The Directors: David Mamet (Encore, 11 p.m.-12 midnight, repeated throughout the month): The playwright, screenwriter, film and theater director is arguably one of the great artistic talents of our time. He often writes in iambic pentameter, giving his dialogue a heightened reality that portends much under the surface. Actors such as William H. Macy, Steve Martin, Joe Mantegna, and Rebecca Pidgeon discuss his working style.
Terry Jones' Medieval Lives (The History Channel, 7-8 p.m.): Jones, a Monty Python alum, mocks and debunks the romantic clichés about the Middle Ages. He's just as funny as he was when he pursued the Holy Grail, except here he is trying to condense hundreds of years of history into really thin slices. It's misleading to anyone who doesn't know much about the topic, but any jaunt with Terry is a joust with fun.
DNA (PBS, Sundays through Feb. 1, check local listings): From the "fingerprints" of DNA used in forensics to the foodstuffs that have been genetically engineered, DNA research is dramatically transforming the modern world. This series is heavily concerned with medical research, but it also shows how many people are concerned about the results of that work. And it doesn't help to see a scientist proclaim that there is no God and later argue for the perfectability of humans through eugenics. This documentary is a scary, cautionary tale.

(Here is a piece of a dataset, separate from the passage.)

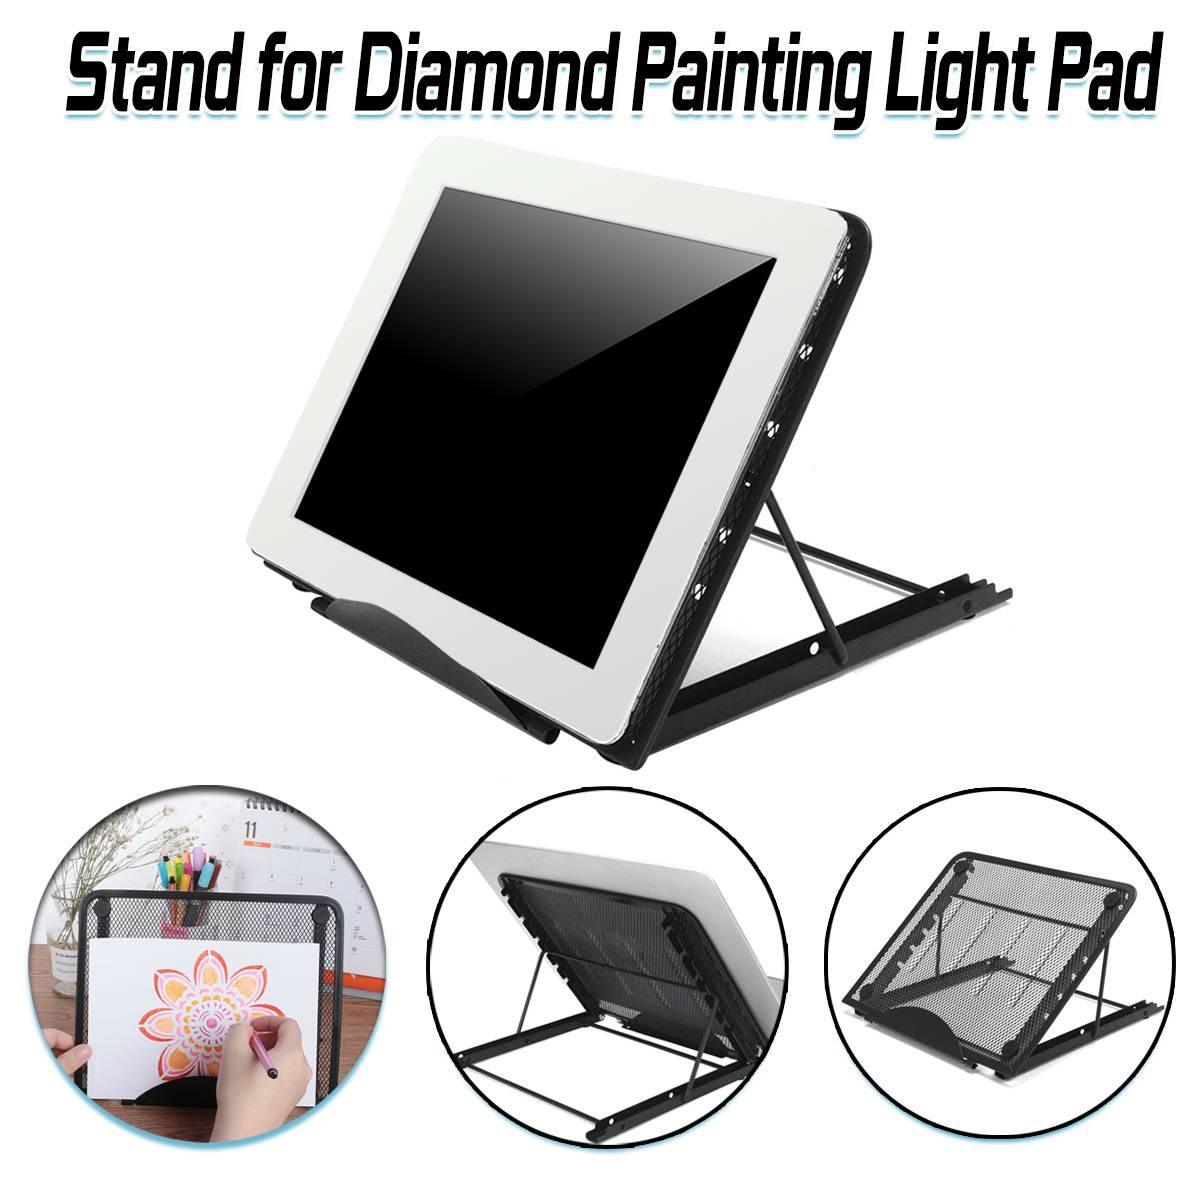 LED-Lichtpad-Halter für Diamond Painting - Diamond Painting

The Day I Will Never Forget (Cinemax, 6:30-8 p.m.): This award-winning documentary about female genital mutilation in Africa and the Middle East follows a Somali nurse and, later, a social worker into the homes of girls who don't want it and those who have chosen it. It also documents how 16 teenage girls successfully went to court to restrain their parents from inflicting the practice on them.